Given data:
_____

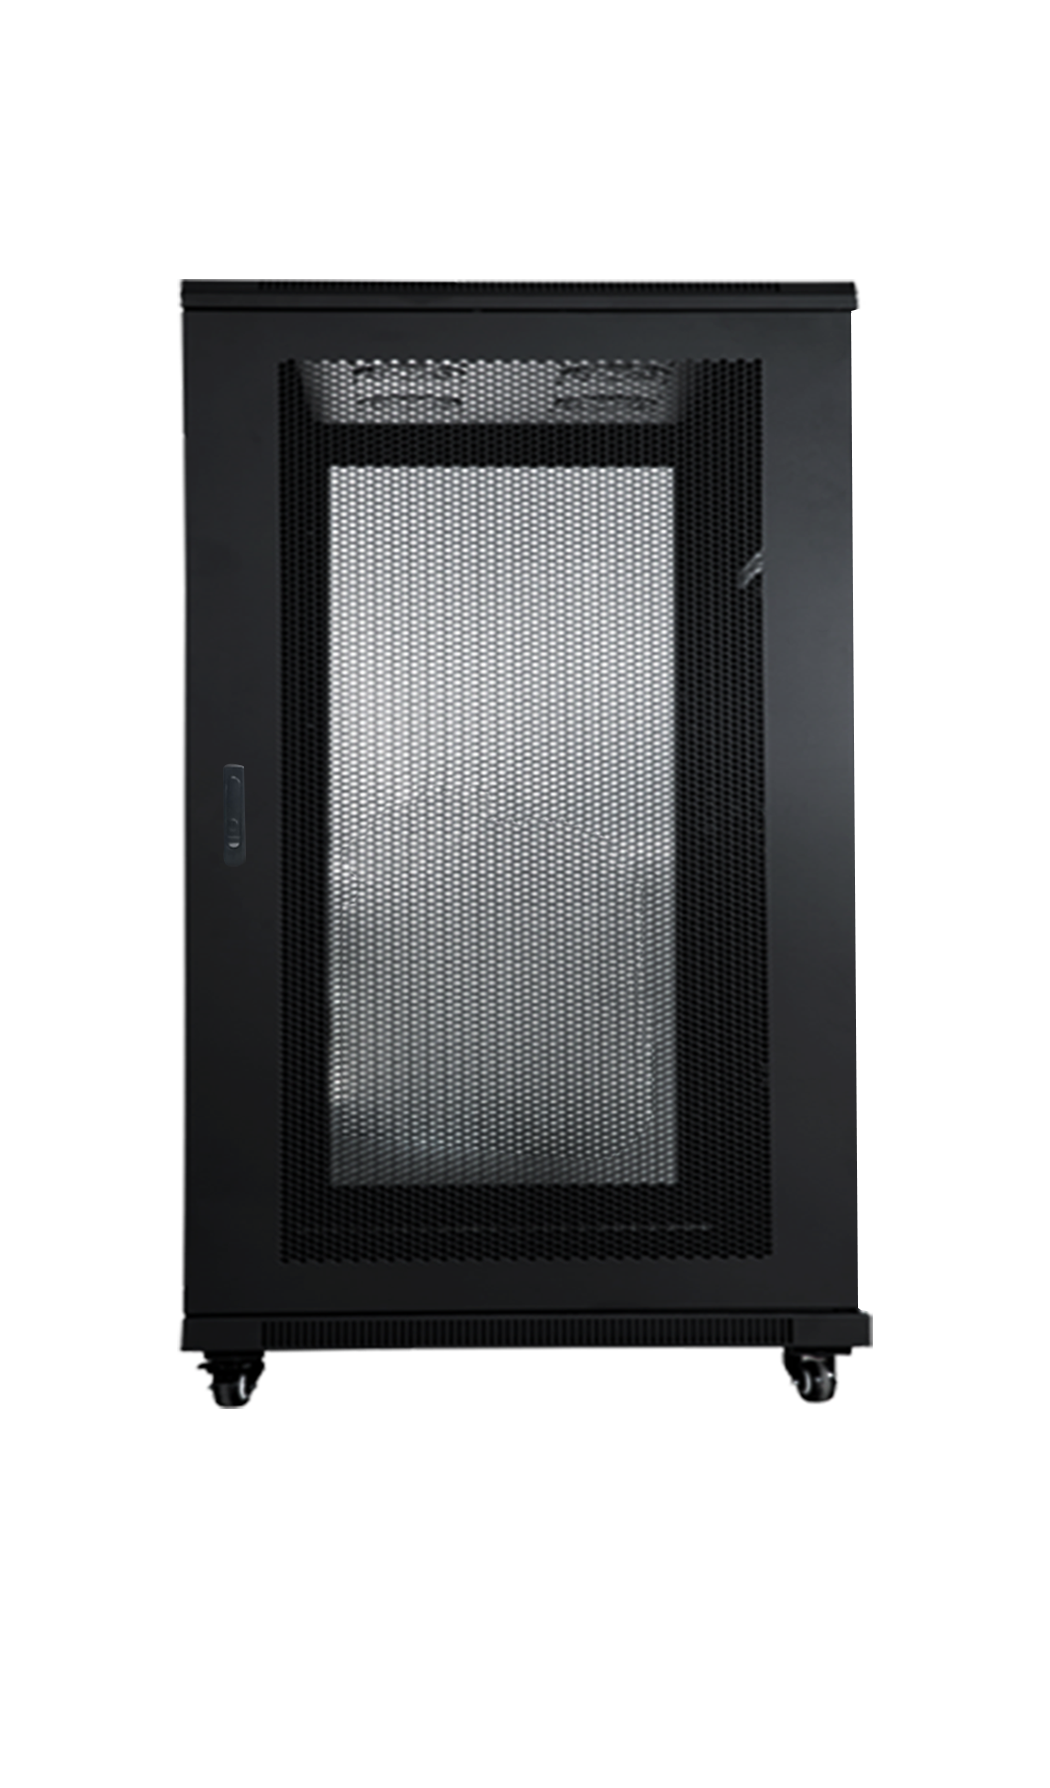 22U 600mm x 800mm Server Cabinet
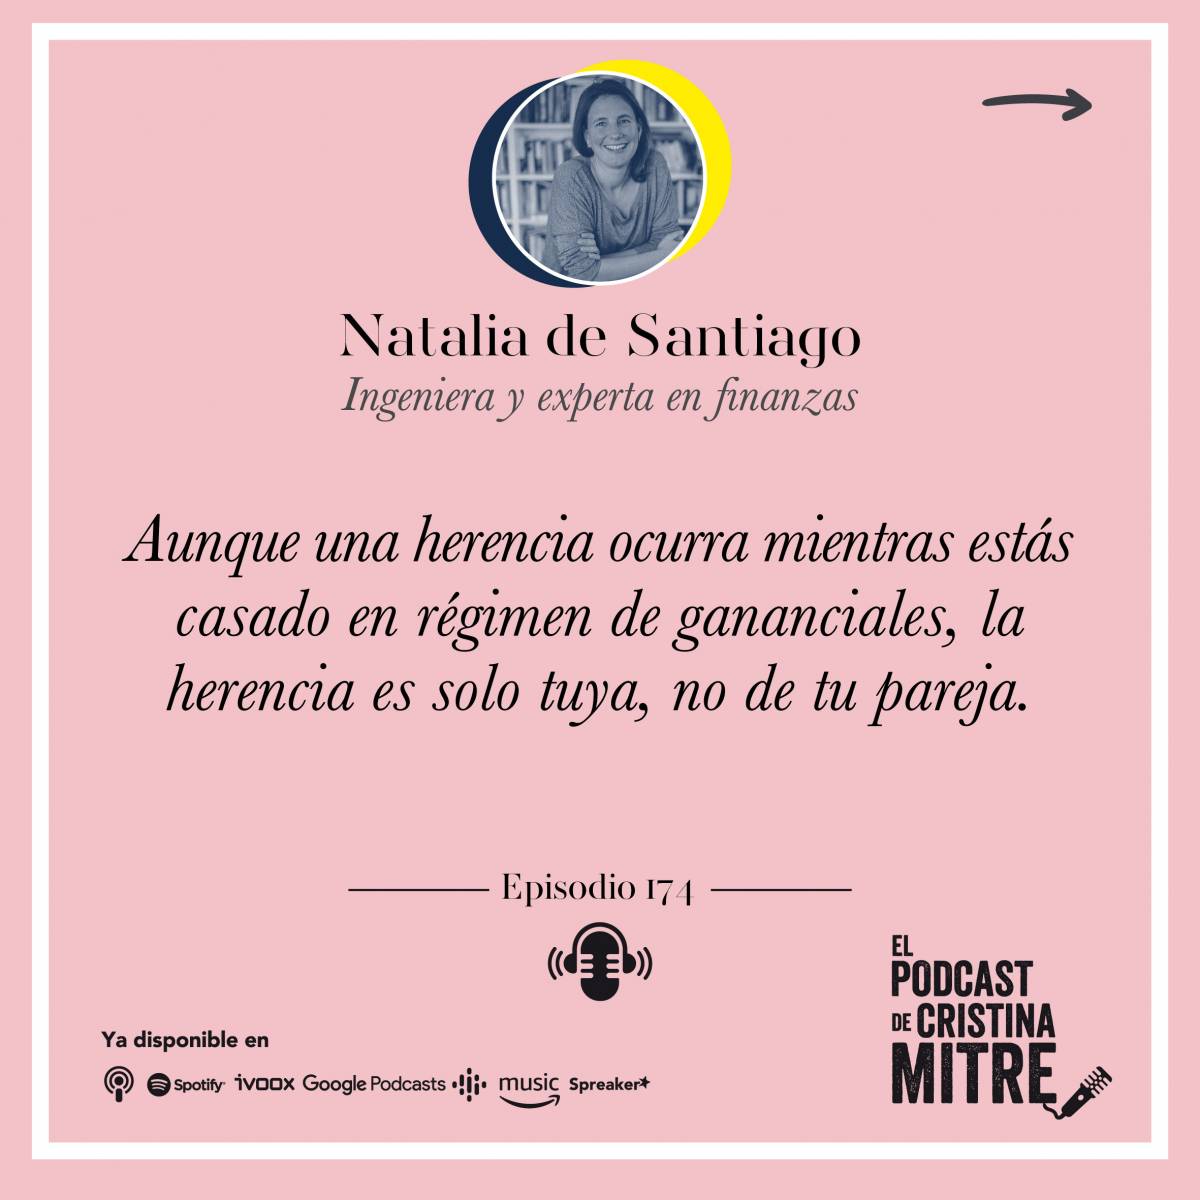 Cristina Mitre Natalia de Santiago herencias
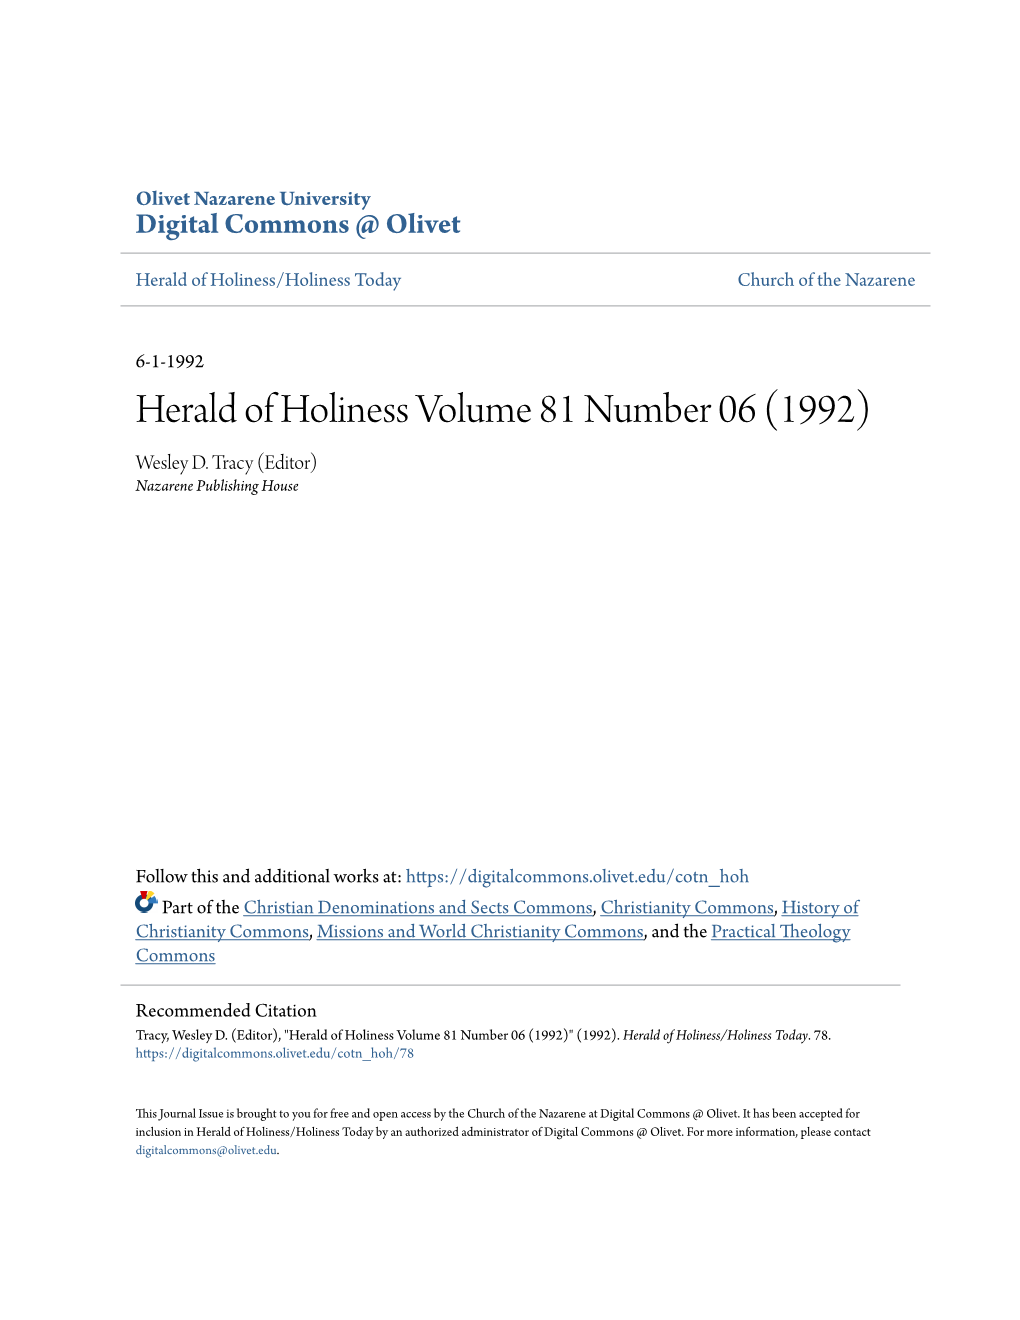 Herald of Holiness Volume 81 Number 06 (1992) Wesley D
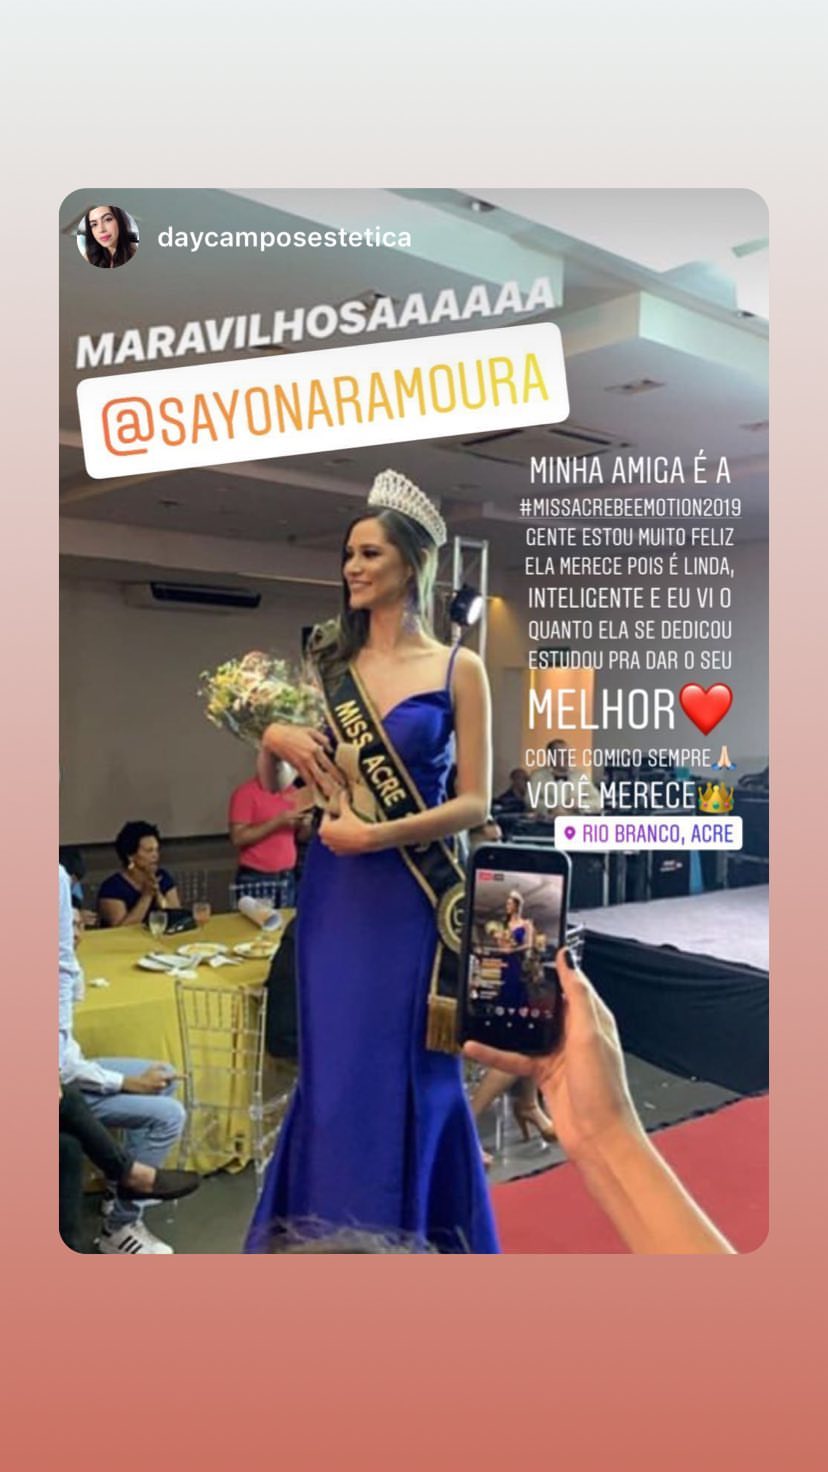 sayonara moura, miss acre 2019. - Página 2 49833611
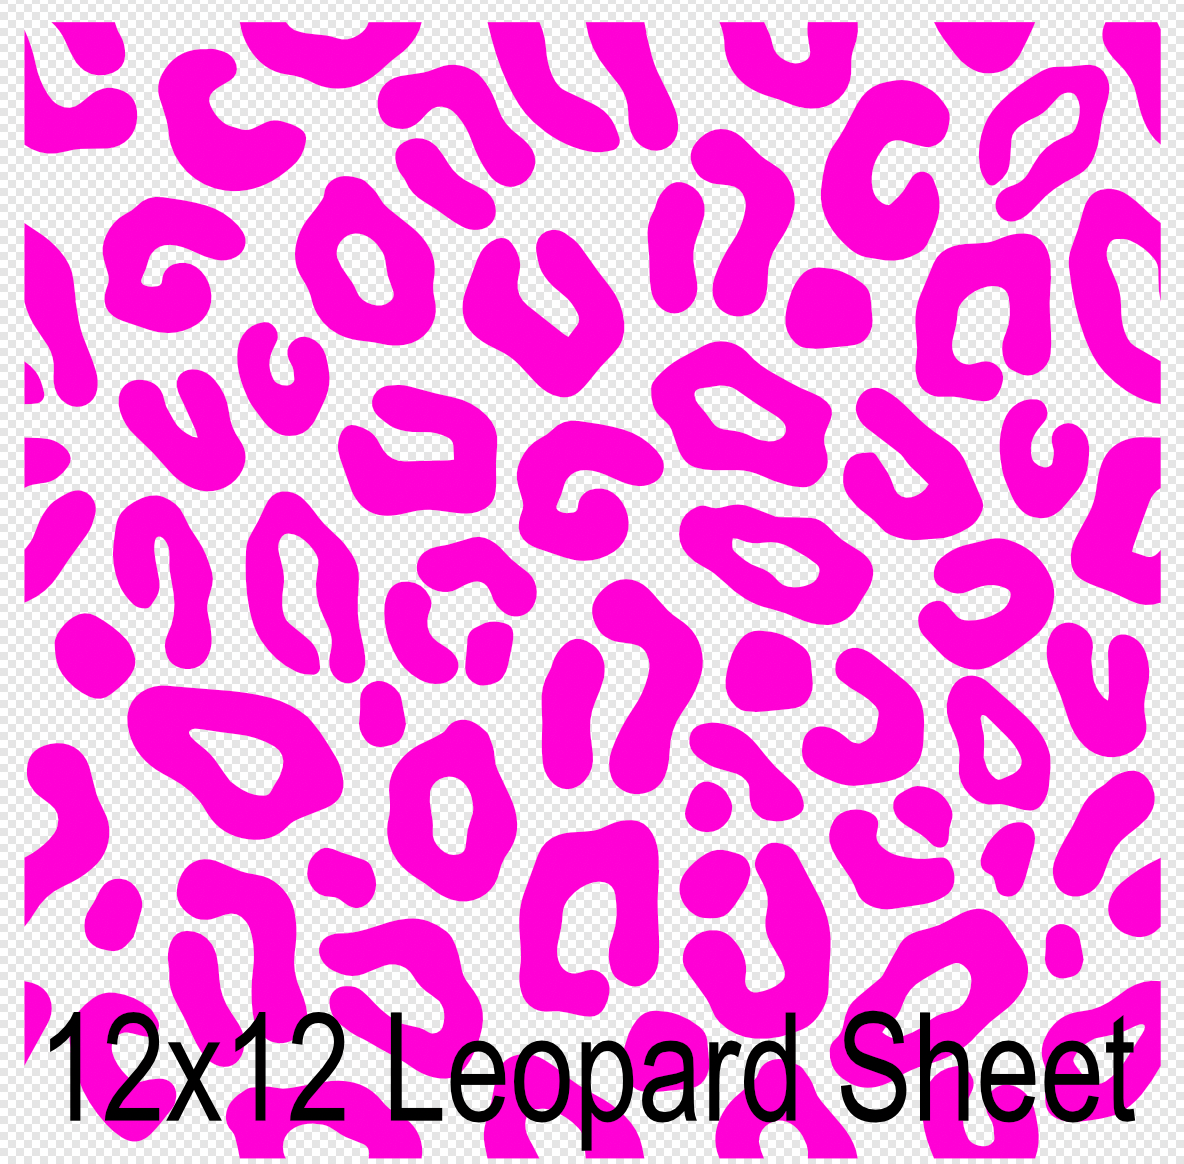 12x12 Leopard Sheet Screen Print

_____

Problem requirements:
Begin the copy at the line containing "sayonara moura, miss" and end it at the final line of the material above, reproducing each line exactly and omitting pictures.

The answer:
 sayonara moura, miss acre 2019. - Página 2 49833611
 12x12 Leopard Sheet Screen Print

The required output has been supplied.